Expression analysis:

SDS-PAGE electrophoretic detection: the results of expression analysis of 7#, 8#, 9#, 10# positive bacteria are shown in fig. 8, 9, 10, and 11. Wherein, M: a protein standard; 1: culturing the GS115 strain for 72 hours to obtain supernatant; 2: culturing the positive strain for 0 hour to obtain supernatant; 3: culturing the positive strain for 24 hours to obtain supernatant; 4: culturing the positive strain for 48 hours to obtain supernatant; 5: culturing the positive strain for 72 hours to obtain supernatant; 6: the positive strain was cultured for 96 hours to obtain a supernatant.

8# positive bacteria are taken for strain preservation, named as Pichia pastoris JY0401, and the strain is preserved in the common microorganism center of China Committee for culture preservation of microorganisms in 2018, 9, 12 and 7 (the preservation center address is No.3 of Beijing Kogyo Chen-Xilu No.1 of Beijing, institute of microbiology, China academy of sciences, postal code is 100101), and the preservation number is CGMCC No. 16463.

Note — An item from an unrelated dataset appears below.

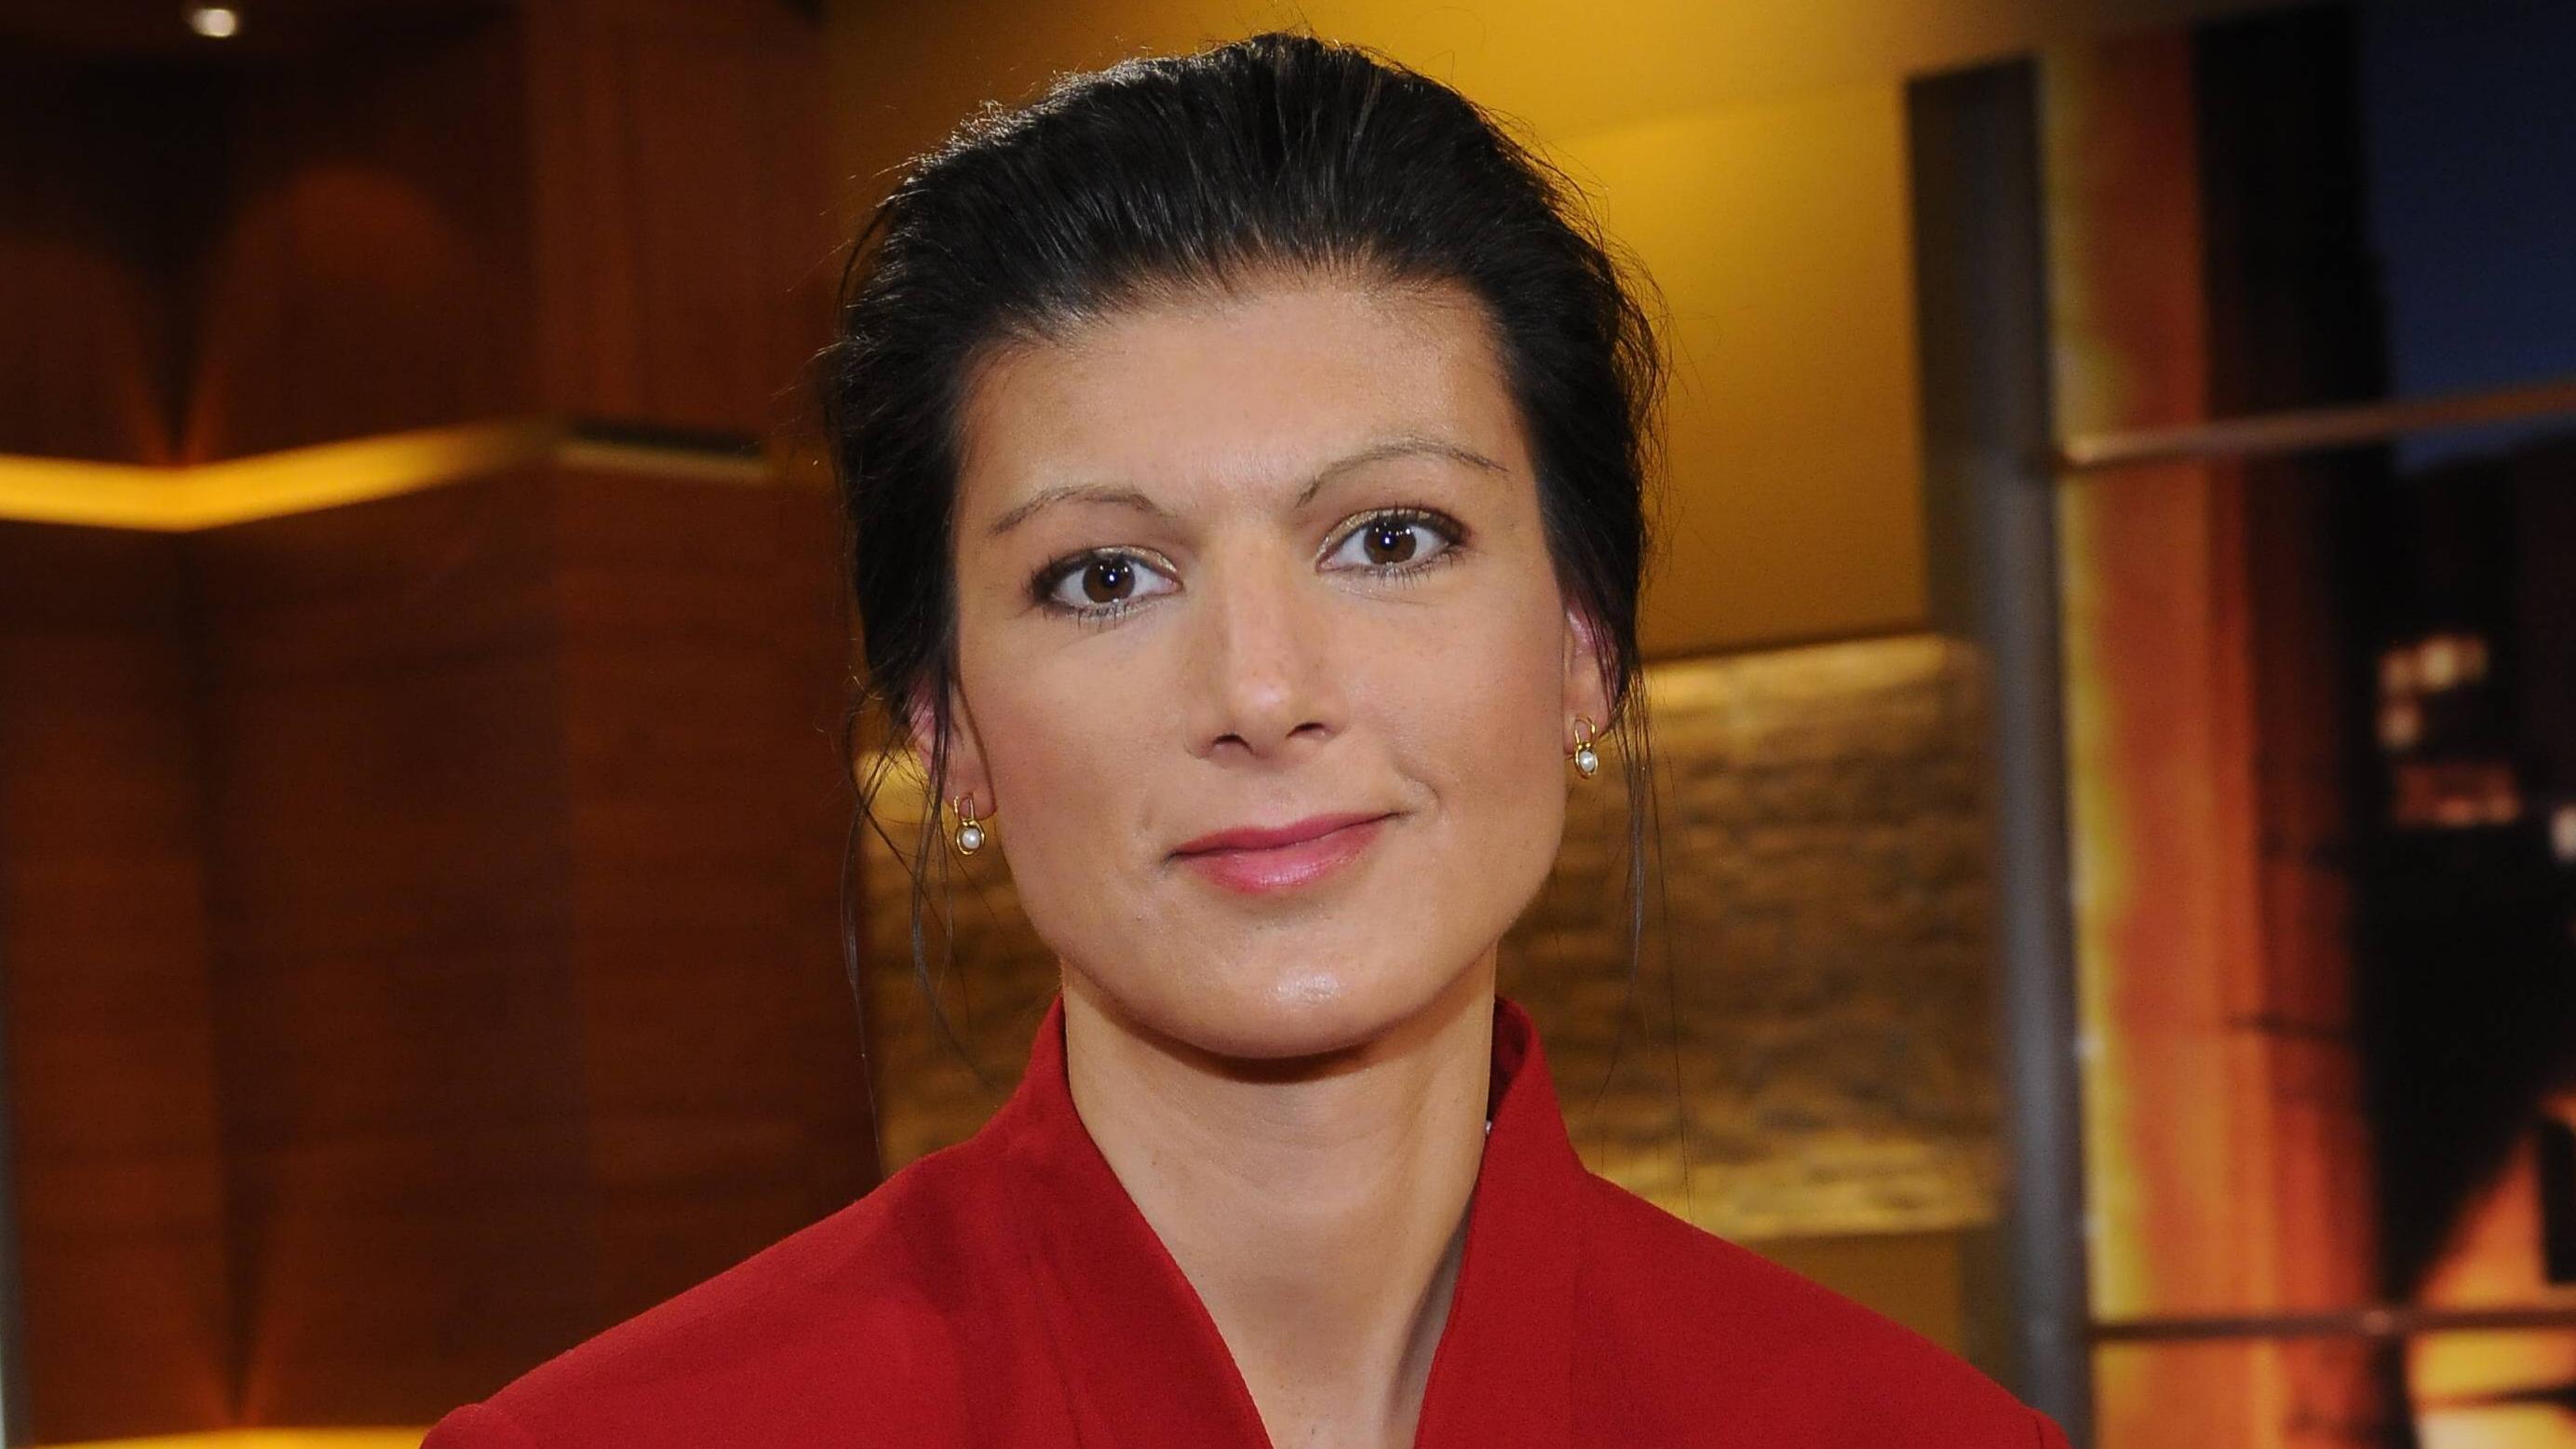 Sahra Wagenknecht: Partner, Porsche, Alter, Größe

The invention selects a nucleotide sequence with good water solubility and strong stability from a helical region of human collagen gene type I with a known sequence, inserts an optimized gene segment into a pichia pastoris expression plasmid, converts pichia pastoris and screens to obtain high-expression pichia pastoris gene engineering bacteria, and obtains high-purity recombinant human-like collagen through preliminary fermentation and purification steps. Experiments prove that the recombinant human-like collagen produced by the method has good hydrophilicity and stability, and the structure of the recombinant human-like collagen is 100 percent identical to the corresponding part of a natural collagen gene sequence, so that the recombinant human-like collagen can not cause immunological rejection when being applied to a human body, and can be widely applied to the fields of biomedical materials, cosmetics and the like. The secretory expression vector is adopted, the secretory expression of the recombinant human-like collagen is successfully realized, the expression product is secreted in the supernatant, the purification is convenient, the advantages which are not possessed by other recombinant human-like collagen production are realized, and the large-scale production operation is convenient. After the carrier is electrically transferred into the pichia pastoris, the gene is integrated on a pichia pastoris genome, so the recombinant strain has good stability, the gene is not easy to lose after multiple passages, the character of high-efficiency expression can be kept, stable production can be well realized, the pichia pastoris production method is aerobic fermentation, the thallus density is high, and the expression amount has a great promotion space.

Example 2

For the control group (comparative example 1, tilapia skin collagen group) and the effect group (recombinant human type I collagen type I alpha 1x6), Chinese women aged 35-55 years old and with fine lines and wrinkles on the face were selected, and 30 persons were each treated with one bottle at night every day. The test was performed in a double blind test, with the four indicators of moisture, overall wrinkle size, wrinkle depth and texture on each panelist's face at week 0 and 8 using a Milipure Intelligent skin moisture tester and an Antera3D skin tester, respectively.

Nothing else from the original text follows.